Les eurodéputés plaident notamment dans ce texte non contraignant pour une définition juridique commune de la sécurité nationale justifiant de telles écoutes et proposent de n'autoriser l’utilisation de logiciels espions que dans les États membres « où les allégations d’abus ont fait l’objet d'enquêtes approfondies, où la législation nationale est conforme aux recommandations de la Commission de Venise et à la jurisprudence de la Cour de justice de l'UE ».

Les élus souhaitent que les données relevant de la confidentialité des communications entre un client et son avocat ou concernant des responsables politiques, des médecins ou des médias soient exclues de cette surveillance, à moins qu’il y ait des preuves d’activité criminelle.

Les députés proposent aussi des « notifications obligatoires pour les personnes ciblées et celles non ciblées dont les données ont été consultées lorsqu’une autre personne a fait l’objet d’une surveillance ». Et ils suggèrent la mise en place d’un contrôle indépendant qui serait effectué à la suite des cas de surveillance.

Les députés veulent aussi des règles européennes sur l’utilisation des logiciels espions par les forces de l’ordre, qui ne sera possible que dans des cas exceptionnels, à des fins prédéfinies et pour une durée limitée. 

Ils veulent encore une enquête approfondie sur les licences d’exportation de logiciels espions et une application plus stricte des règles de contrôle des exportations de l’UE.

D’ici décembre 2023, la Commission « devra évaluer dans un rapport public si ces conditions ont été remplies ».

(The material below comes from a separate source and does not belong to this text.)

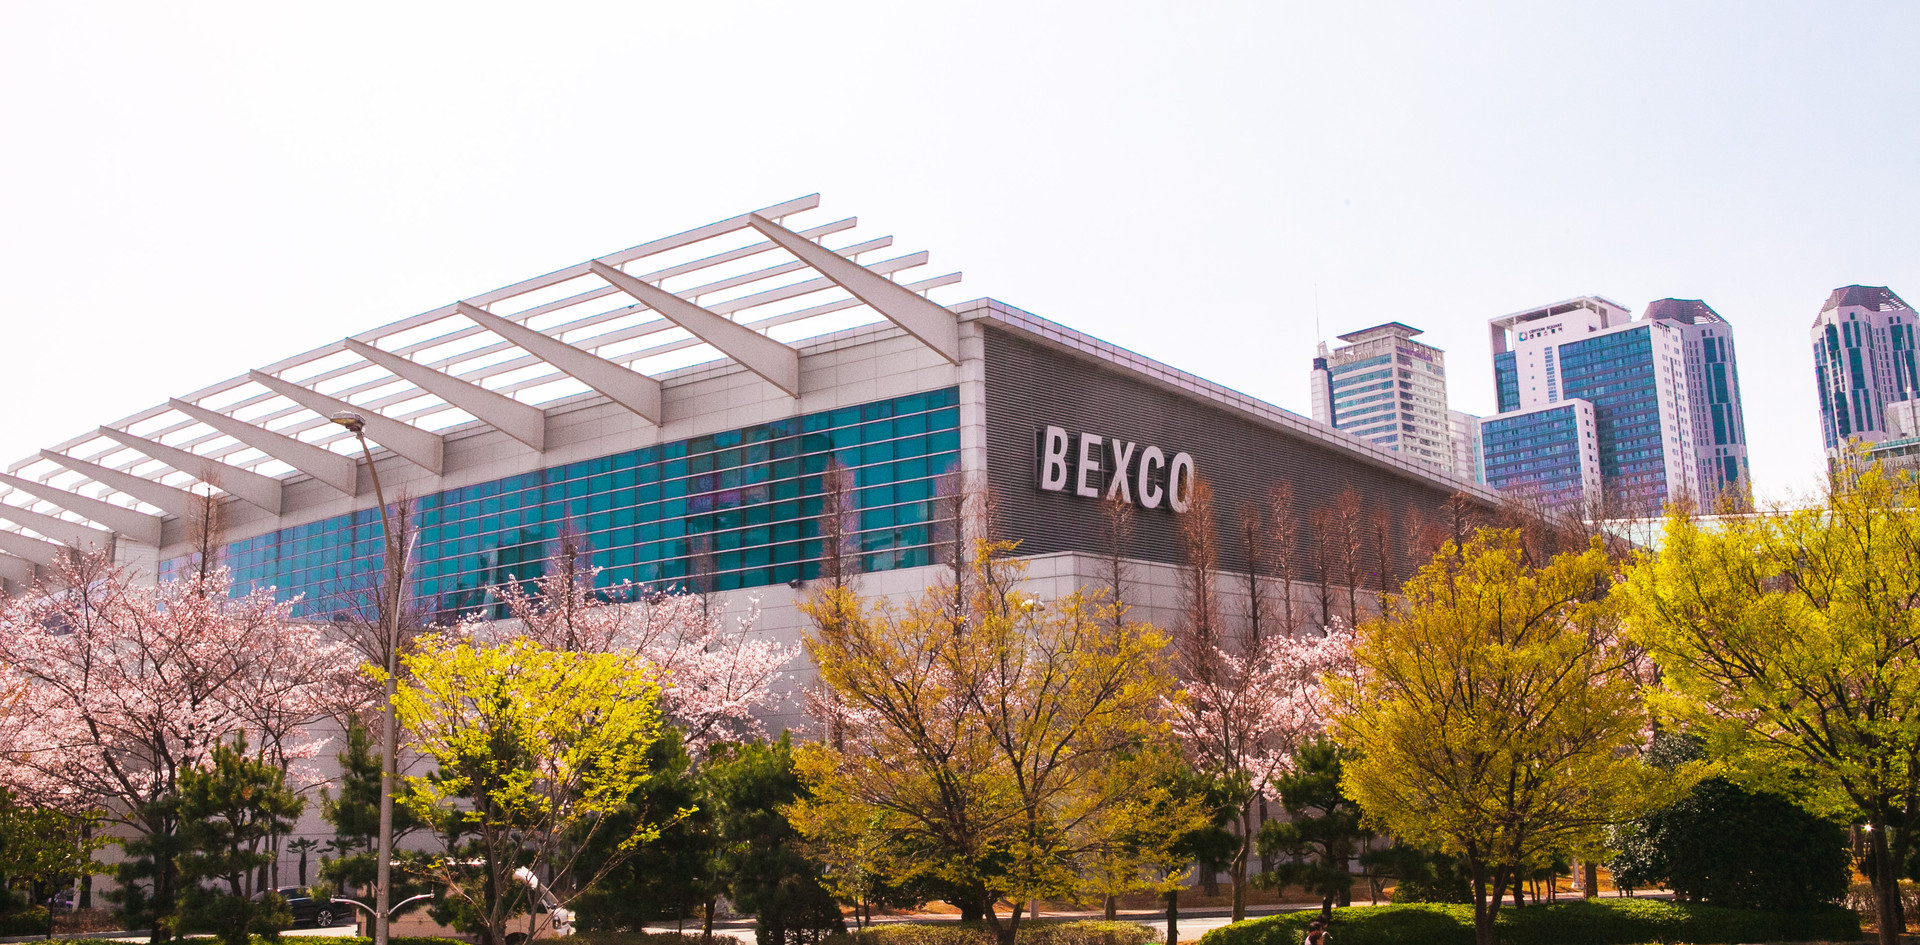 Bexco

Les élus ont aussi adressé des recommandations spécifiques à la Hongrie, la Pologne, la Grèce, l’Espagne et Chypre, où l’utilisation de logiciels espions a été rapportée par des médias ou ONG dans les 4 premiers cas, Chypre étant considéré comme un pays d'exportation de ces logiciels espions.

Les députés demandent ici à la Hongrie et la Pologne de respecter les décisions de la Cour européenne des droits de l’homme et de rétablir l’indépendance de la justice et des organes de contrôle.

Le gouvernement grec, pour sa part, est « invité à rétablir de toute urgence et à renforcer les garanties institutionnelles et juridiques, à révoquer les licences d’exportation qui ne sont pas conformes à la législation de l’UE et à respecter l’indépendance de l’autorité grecque chargée de la sécurité des communications et de la vie privée ».

 Notant que Chypre a servi de pôle d’exportation de logiciels espions, les députés déclarent que le pays devrait révoquer toutes les licences d’exportation non conformes à la législation de l’UE.

Et les autorités espagnoles devront garantir des enquêtes complètes, justes et efficaces alors que le gouvernement a été accusé d'avoir utilisé Pegasus dans le contexte du référendum catalan de 2017.

Un débat s’était tenu la veille en présence du commissaire européen à la Justice, Didier Reynders.

Ce dernier a indiqué aux élus que la Commission, après avoir reçu les réponses de tous les États membres sur l’usage de logiciels espions comme Pegasus ou Predator, « à l’exception de la Hongrie et des Pays-Bas », assurera un suivi sur les recours aux logiciels espions dans l’UE.

En attendant, le commissaire a demandé aux tribunaux nationaux et autorités compétentes de faire toute la lumière sur l’usage de ces logiciels et de rétablir la confiance des citoyens. Par ailleurs, les États membres ne peuvent pas renvoyer simplement au principe de sécurité nationale la justification de ces écoutes pour violer le droit à la confidentialité des communications ; ils doivent prouver que cette sécurité nationale serait compromise.